- RECORDED DATA -
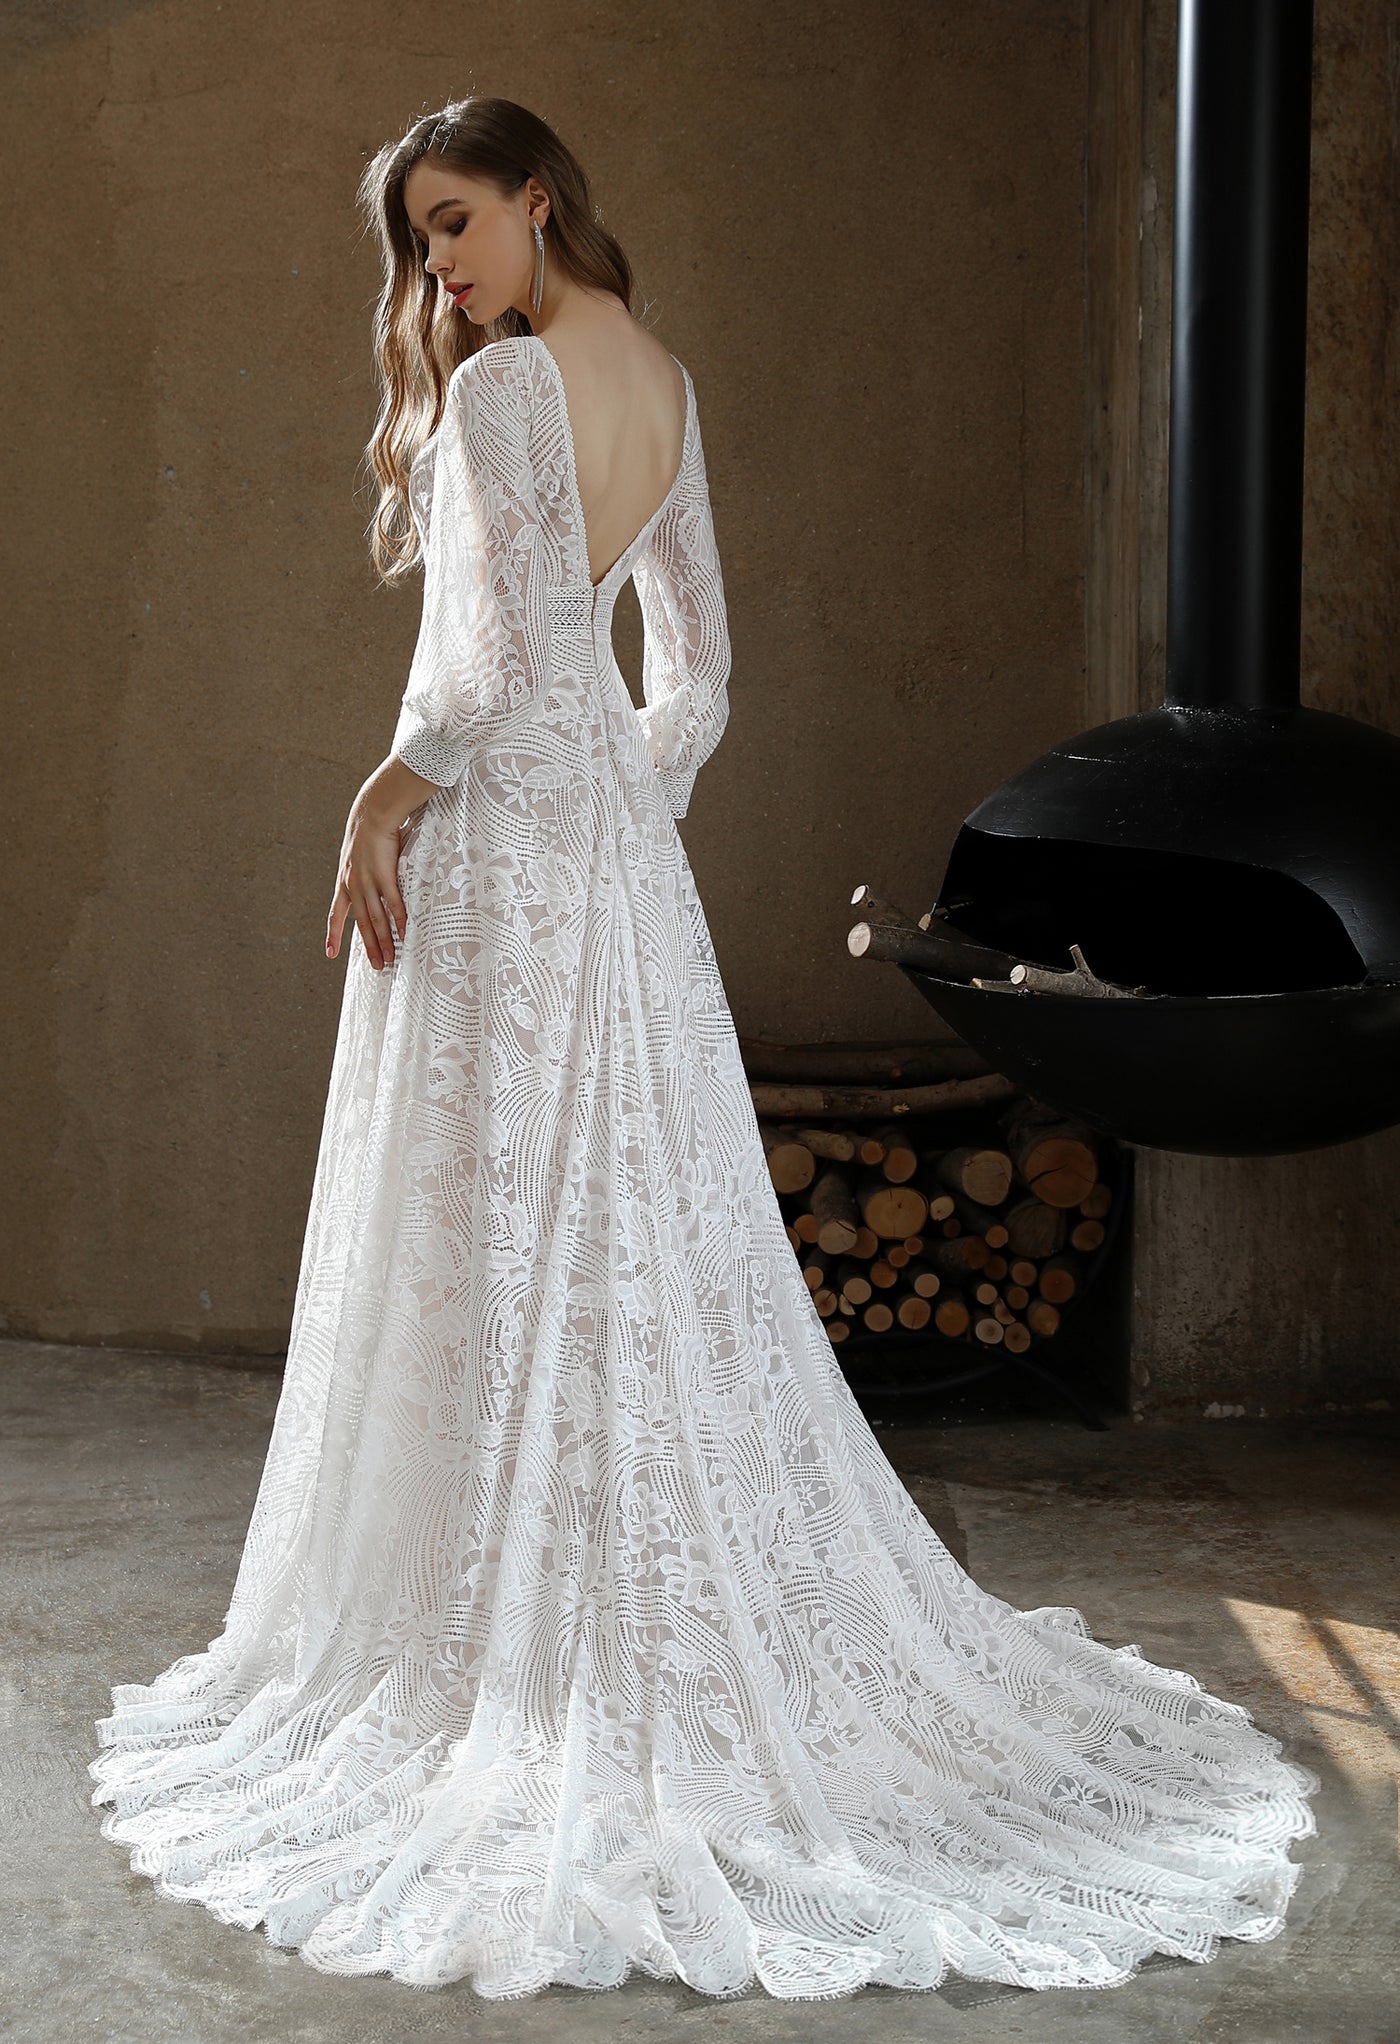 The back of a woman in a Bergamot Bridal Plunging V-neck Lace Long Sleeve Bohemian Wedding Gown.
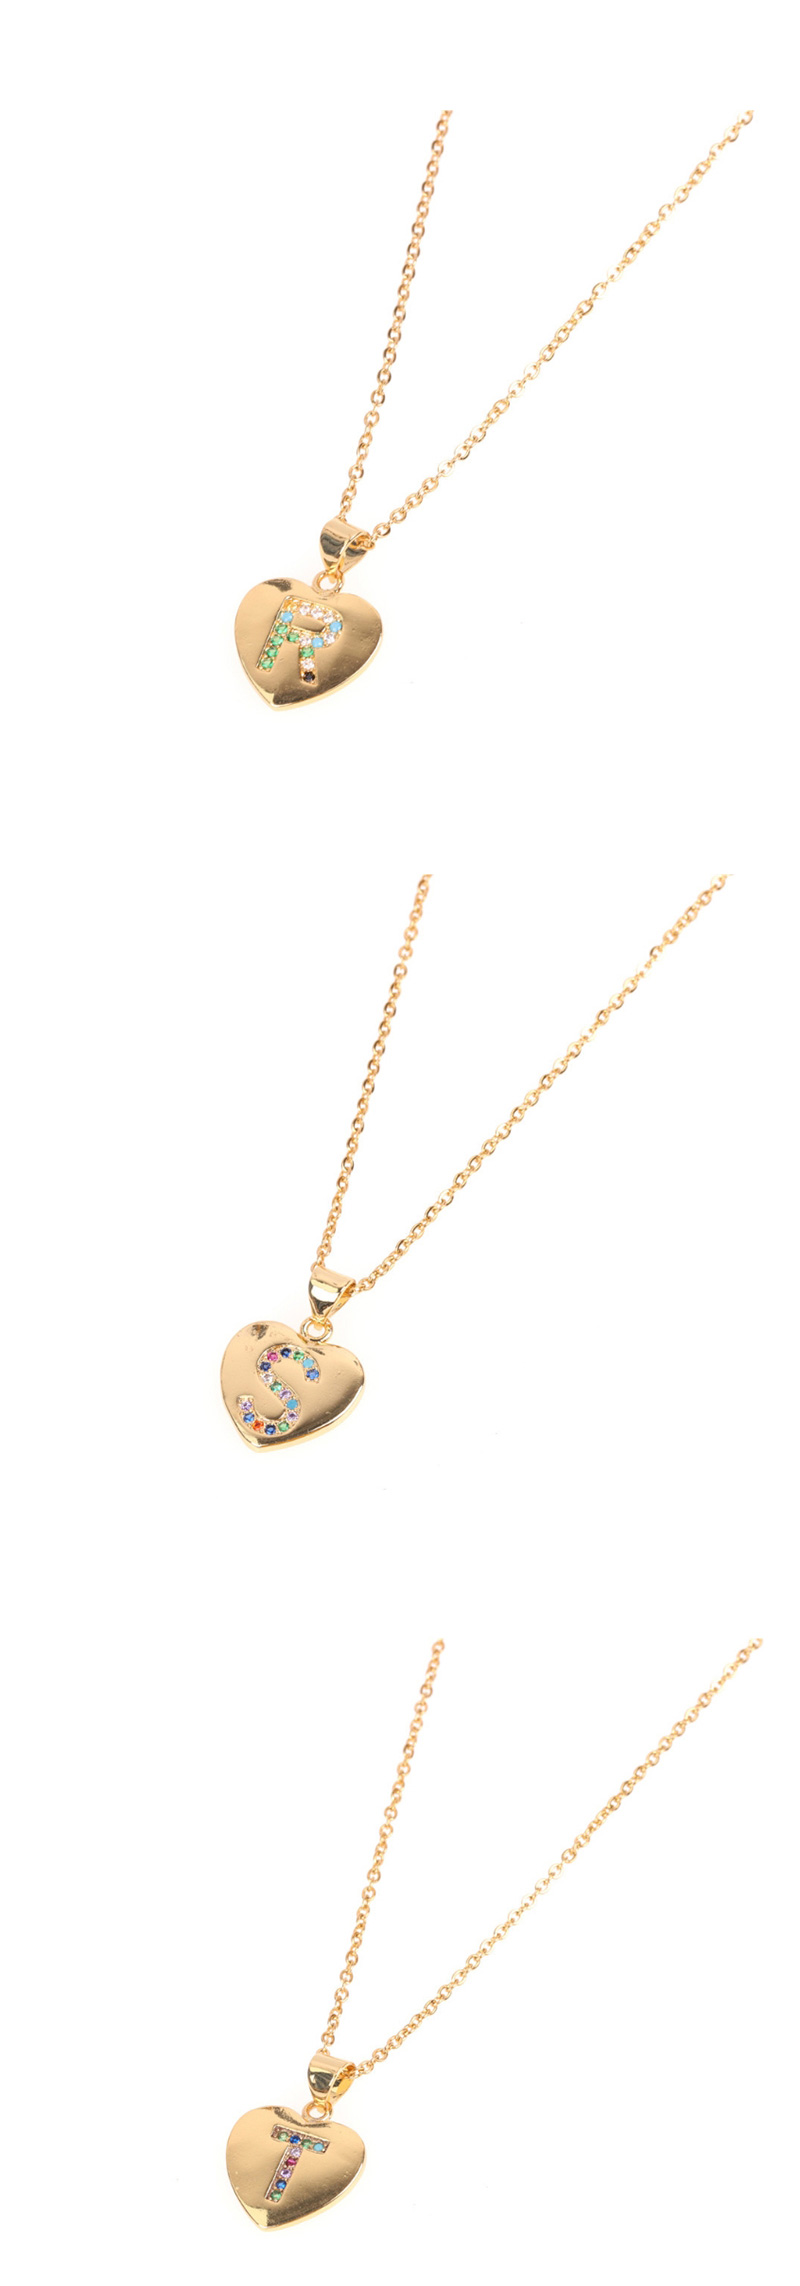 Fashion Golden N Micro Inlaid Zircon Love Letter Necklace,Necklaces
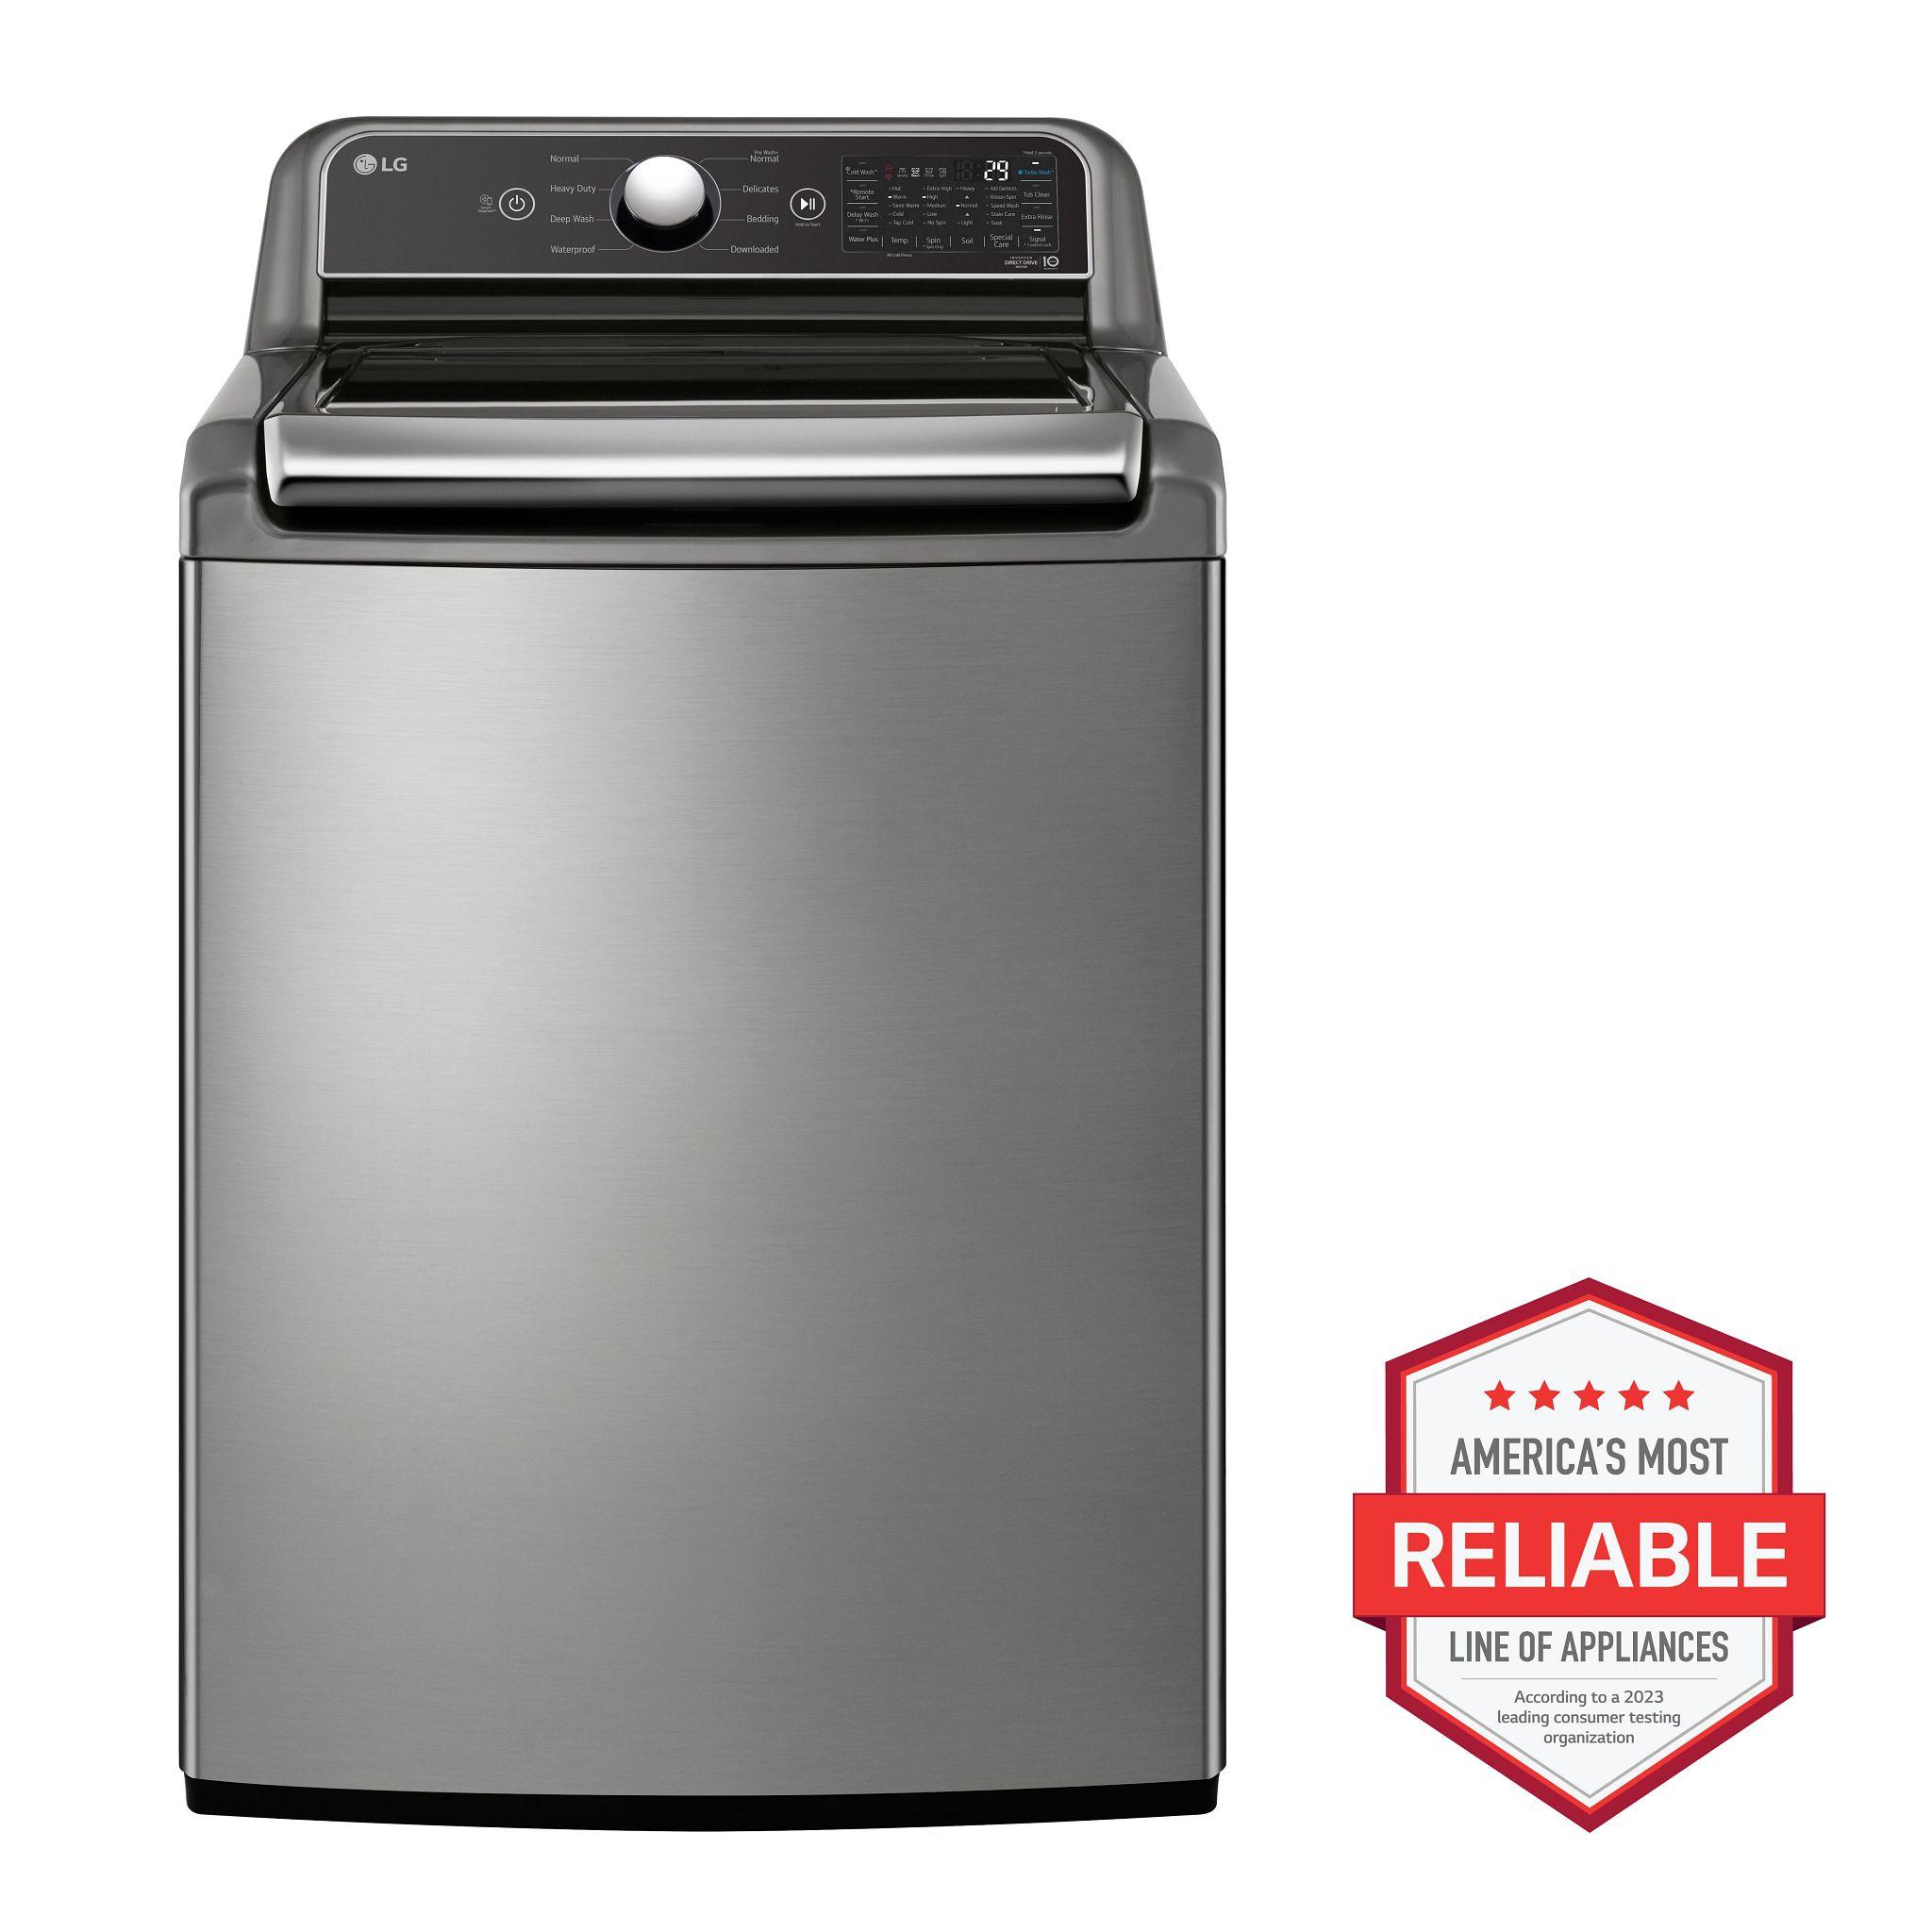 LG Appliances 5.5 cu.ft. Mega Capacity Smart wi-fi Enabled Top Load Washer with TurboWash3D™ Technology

- YOUR INSTRUCTIONS -
Could you copy the listing above exactly, without its pictures?

- THE ANSWER -
 The back of a woman in a Bergamot Bridal Plunging V-neck Lace Long Sleeve Bohemian Wedding Gown.
 Fashion Golden N Micro Inlaid Zircon Love Letter Necklace,Necklaces
 LG Appliances 5.5 cu.ft. Mega Capacity Smart wi-fi Enabled Top Load Washer with TurboWash3D™ Technology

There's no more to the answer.